■ **What is being asked**
In the material below, find the span from the line with "Producción de nopal" to the line with "USB3.0联想外置光驱移动DVD/CD刻录机 台式电脑笔记本一体机通用" and transcribe only those lines, exactly, ends included, without the pictures.

═══ Supplied material ═══

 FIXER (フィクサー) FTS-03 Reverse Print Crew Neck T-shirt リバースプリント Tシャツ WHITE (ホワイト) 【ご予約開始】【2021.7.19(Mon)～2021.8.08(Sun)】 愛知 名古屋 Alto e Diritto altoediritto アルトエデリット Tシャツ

═══
═══ Supplied material ═══

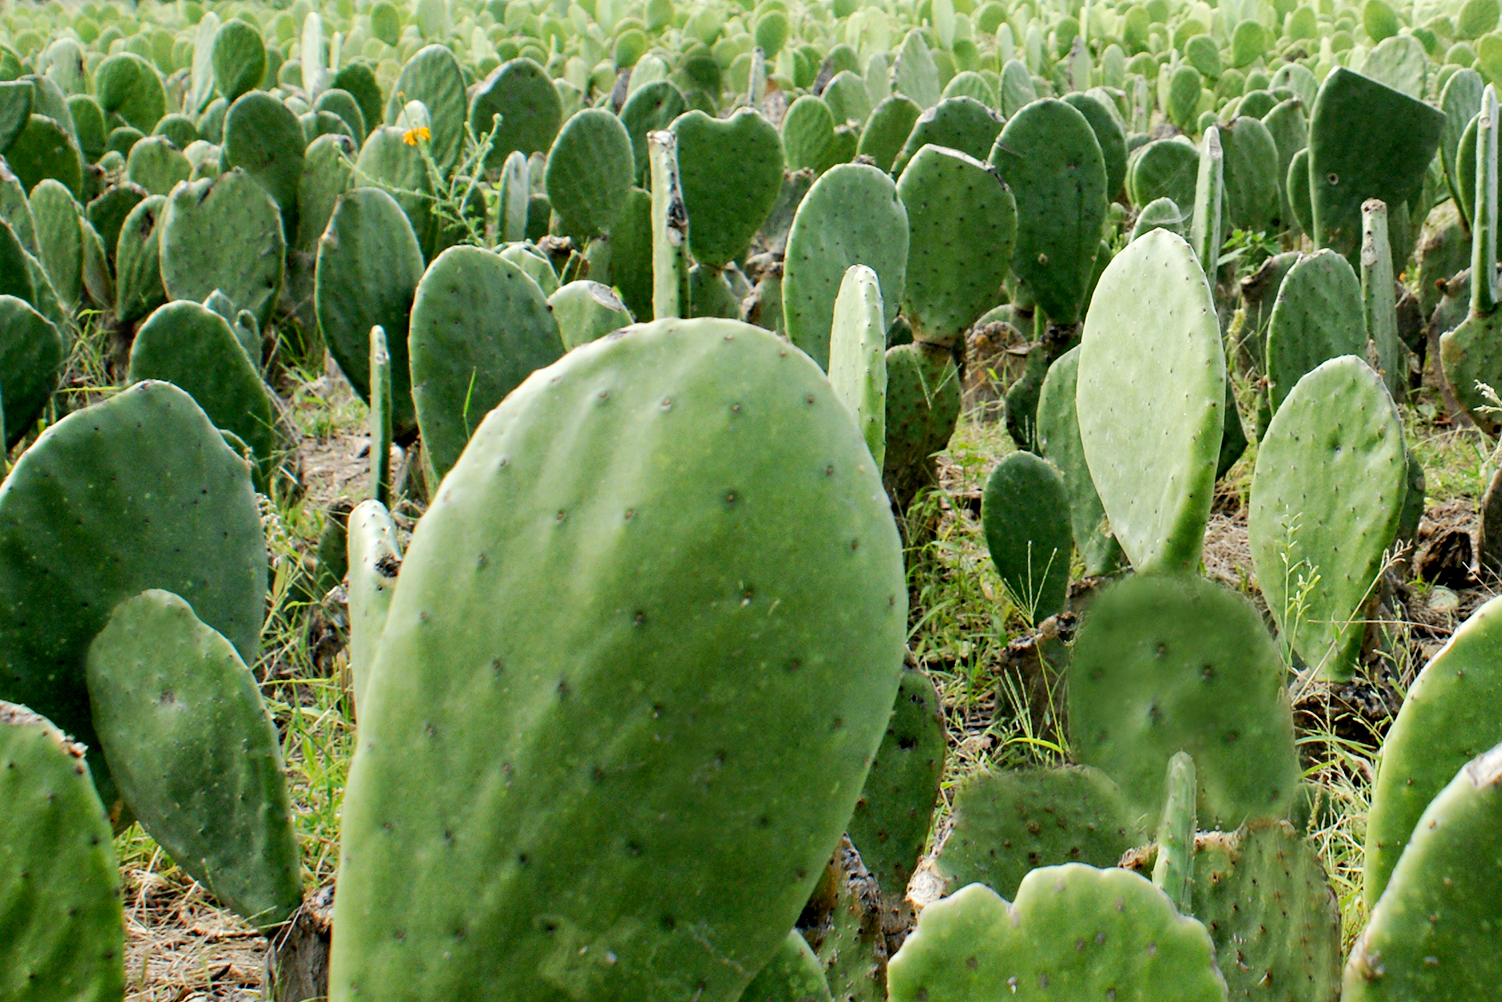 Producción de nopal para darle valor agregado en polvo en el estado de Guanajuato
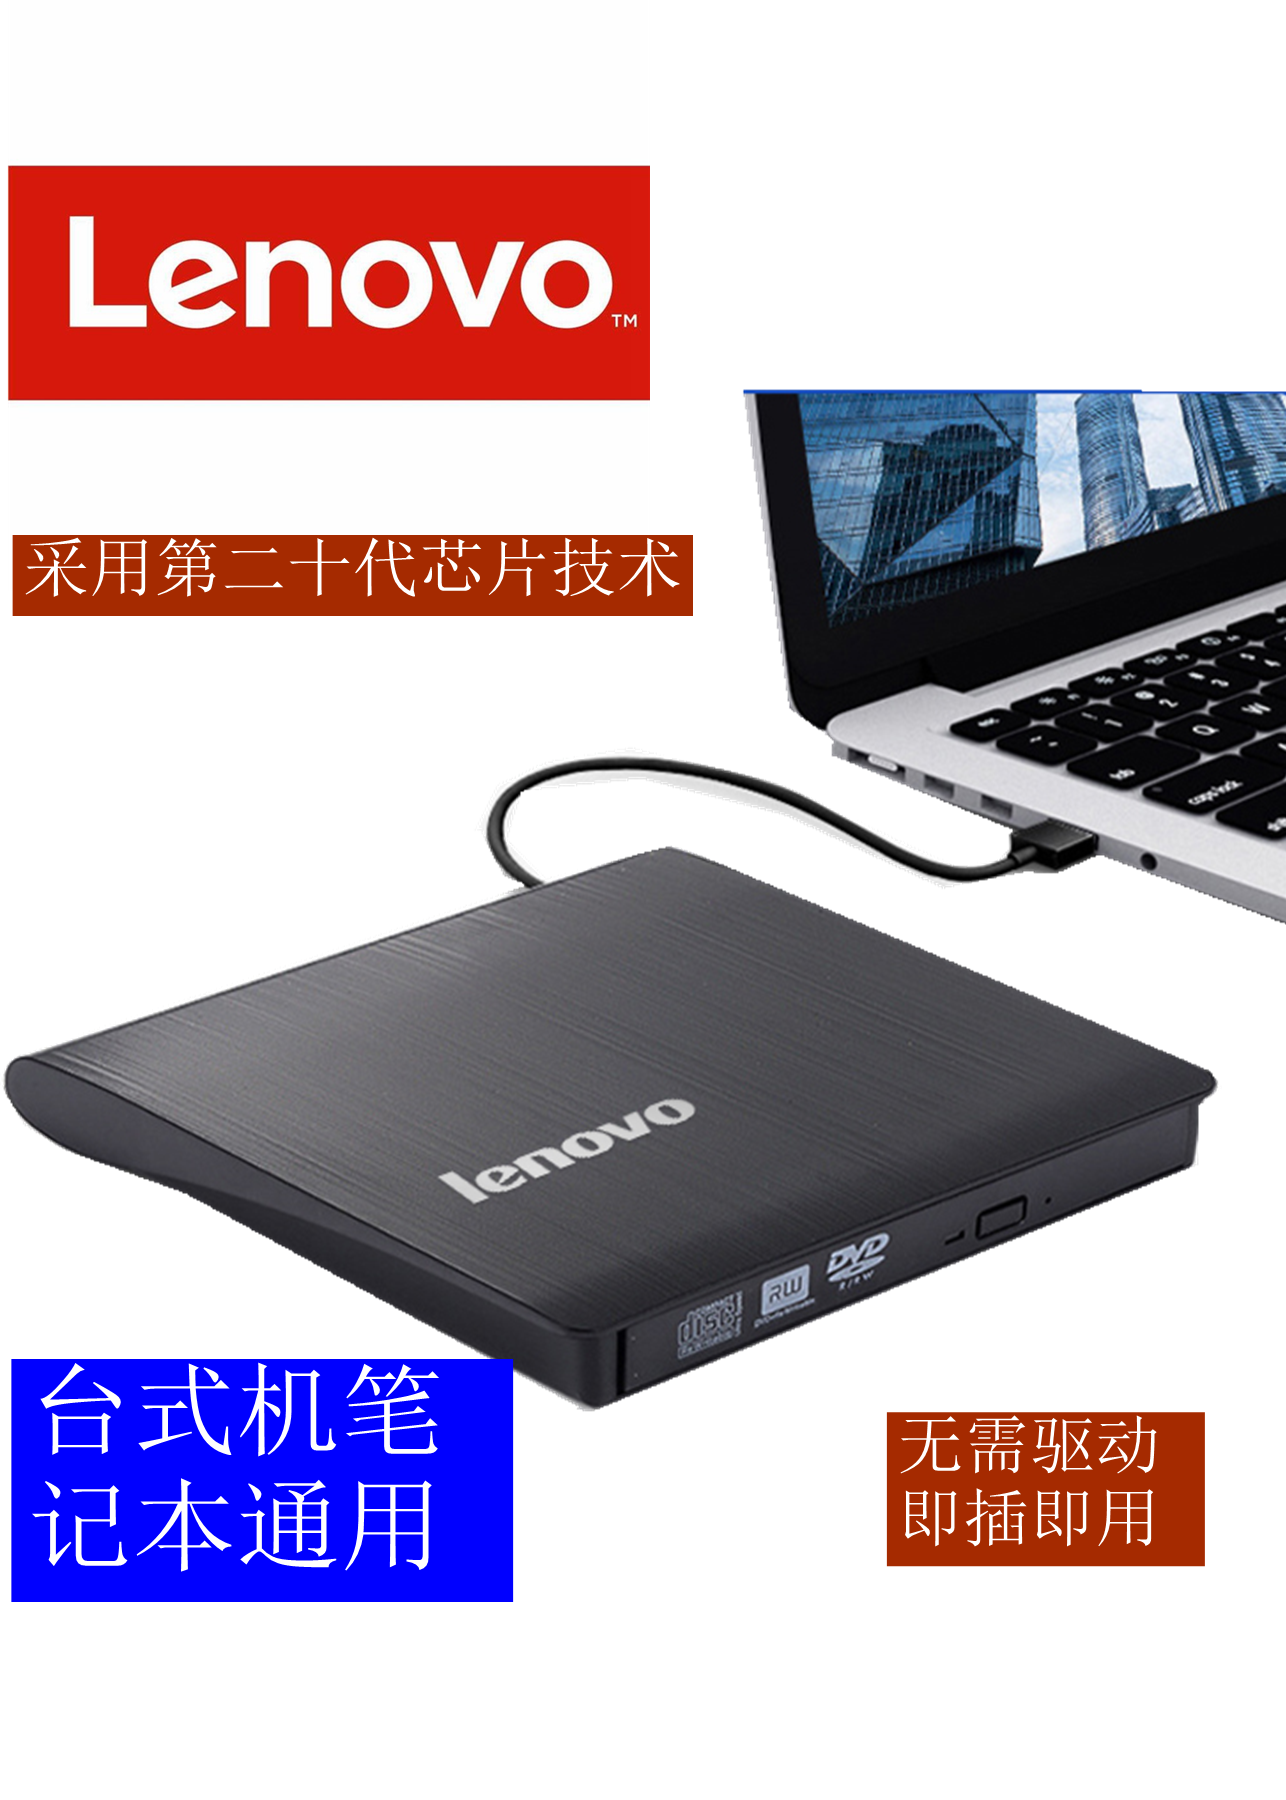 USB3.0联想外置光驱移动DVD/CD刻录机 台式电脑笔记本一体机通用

═══

■ **Result for this exercise**
 Producción de nopal para darle valor agregado en polvo en el estado de Guanajuato
 USB3.0联想外置光驱移动DVD/CD刻录机 台式电脑笔记本一体机通用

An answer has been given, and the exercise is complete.